Identifying the Problem
As we investigated, the first thing I did was look to see if there was a difference in the workload that was hitting the new nodes. The key and slot metrics looked identical to the other nodes. We ran the classic Redis MONITOR and INFO commands, but we found no indication as to what was occurring through the usual tools.
Someone on the team asked: “Is there anything like the classic Linux TOP command for Redis?”
This was the start of an aha moment. Redis does indeed have some additional internal CPU metrics that aren’t exposed by default. Those metrics are accessible with Redis’ INFO COMMANDSTATS command, which shows how many calls have been made to each type of Redis command, along with the total and average times.
Running this command, shock set in. I could suddenly see that, across the first 45 nodes, the cluster slot commands accounted for an absolutely astounding 87 percent of the CPU time, versus virtually zero on the new nodes.
Finding a Root Cause
I knew we had two questions to answer next:
- Why are our nodes spending more time on the cluster commands than on doing actual application work?
- Why wasn’t shard 46 and beyond doing the same?
After a closer look, the answer to the first question turned out to be quite simple, but hidden deep within the nuance of the open-source client we use to interact with Redis Cluster.

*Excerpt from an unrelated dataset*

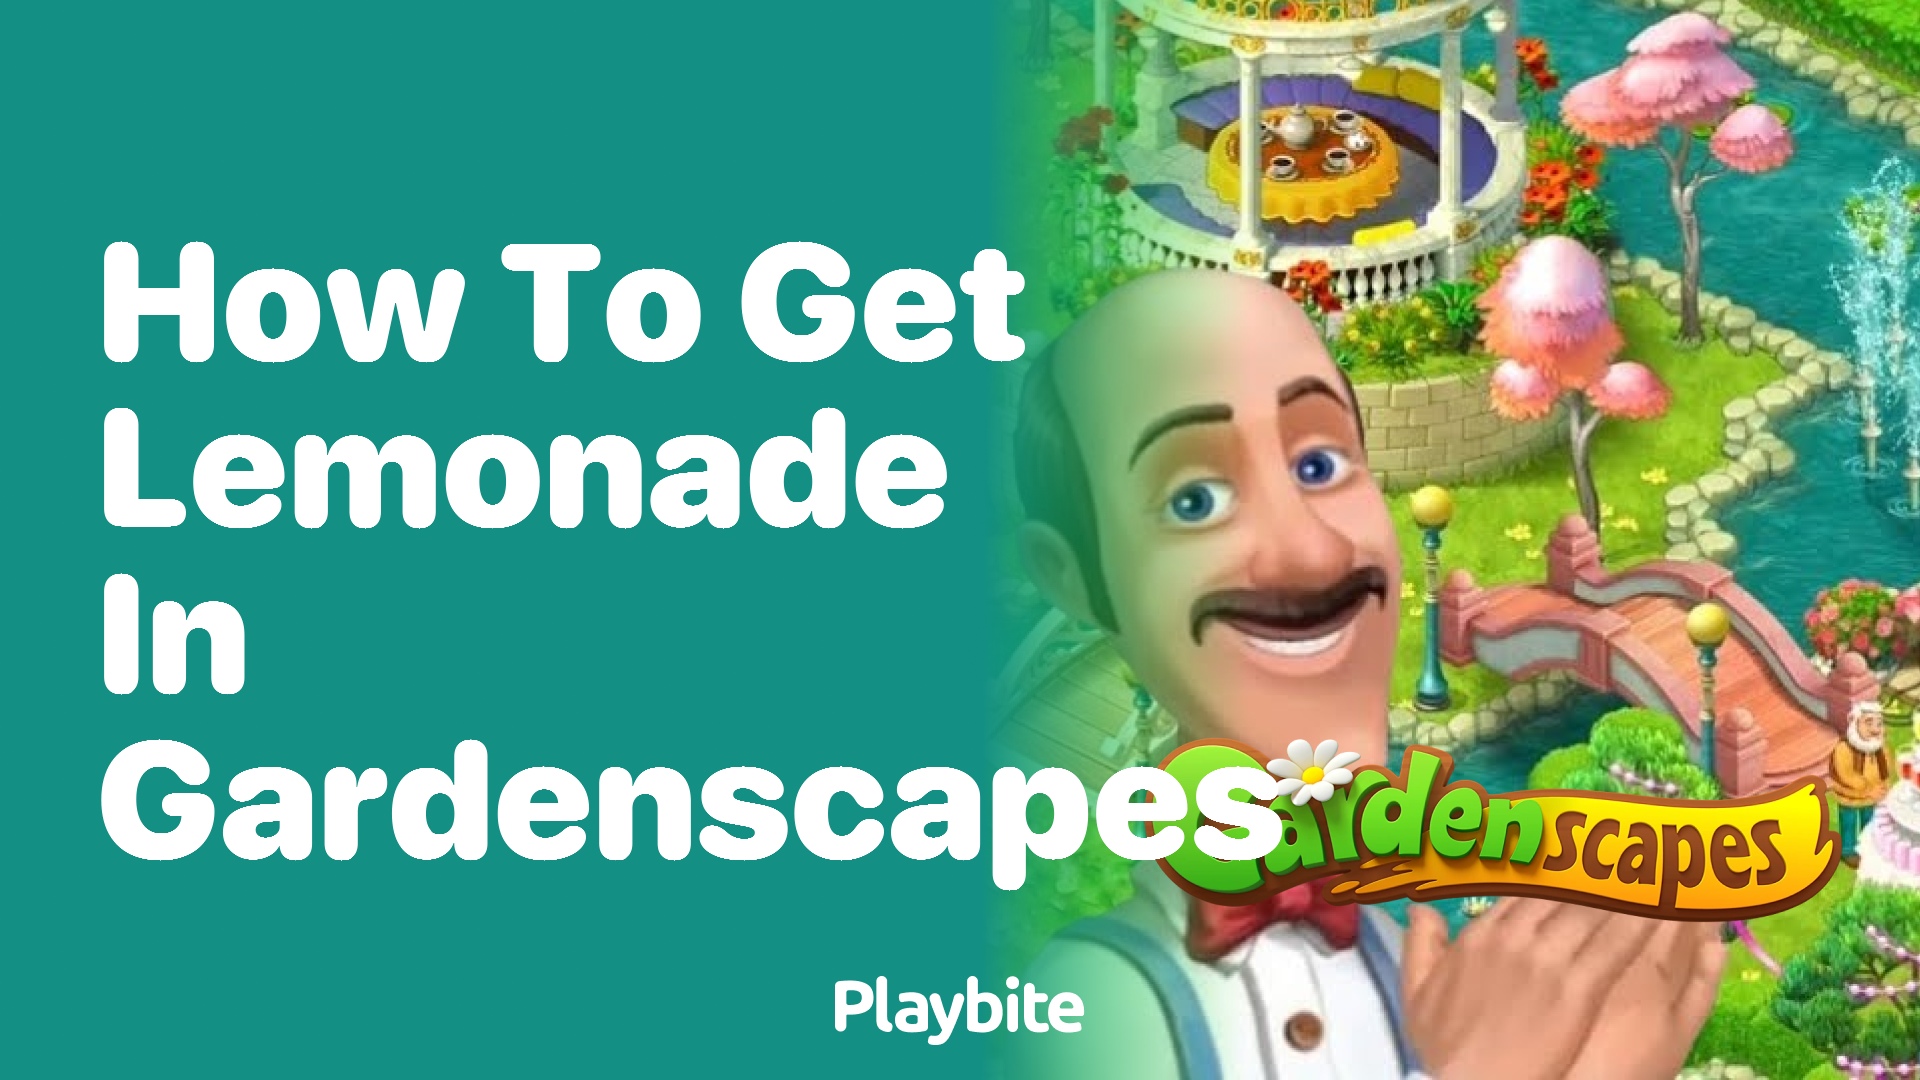 How to Get Lemonade in Gardenscapes

While we intentionally use persistent connections to Redis, the default behavior of the PHP client, PhpRedis, is that it doesn’t actually keep a copy of the slot mapping between different instances of the client. That meant that, every time we created a new client, it would also ask for all the cluster slots again. The solution is a configuration setting to keep a local copy of the slots that persists across connections, alleviating the need for all the extra calls.
With that enabled, the CPU usage on our Redis nodes dropped almost by half. And, thanks to eliminating the wait for the additional command, we saw a welcome decrease in our application response times.
The second question required more precision and intricacy within our cloud infrastructure.
There are many ways that you can do service discovery to locate a working node in order to bootstrap your client. The Elasticache implementation is to attempt to return all nodes in a single DNS response, in what is a very long list of A records.
The problem with this approach is that there is a limit to how big a DNS reply can or should be, and eventually the list would get cut off. As you might have guessed, in our case, this caused nodes 46 and above to never be a node the client connects to, which in turn means they never get Redis Cluster slot commands. Ultimately, this caused the significant difference in load experienced by those nodes.
For us, solving the first part of the problem and drastically reducing the CPU utilization stolen by the costly and frequent cluster slot commands meant we could aggressively begin reducing our cluster size, making the node discovery issue moot — for now. But knowing the solution to the second pitfall that still lies ahead as we continue to scale certainly makes us feel more comfortable.
How to Avoid Cluster Roadblocks
If you are running Redis Cluster at scale, here is my advice for avoiding the challenges we faced while pushing our cluster limits:
- Ensure your Redis client — particularly if you are using PHP — is caching the mapping of slots within your cluster. Otherwise, the hidden performance and CPU penalties you could pay are daunting.
- If you are using Elasticache for your Redis Cluster, which is very likely if you run your applications in the leading cloud provider, AWS, then be aware of how it allows for service discovery, and make sure you aren’t subject to its limits.
Today, my team and I are continuing to scale the platform and serve an ever-increasing number of teachers and students, while managing our Redis Cluster with much more ease following the hurdles. It’s my hope that, equipped with the knowledge above, you too will be able to push the limits of scaling Redis Cluster, while avoiding the pitfalls we found along the way.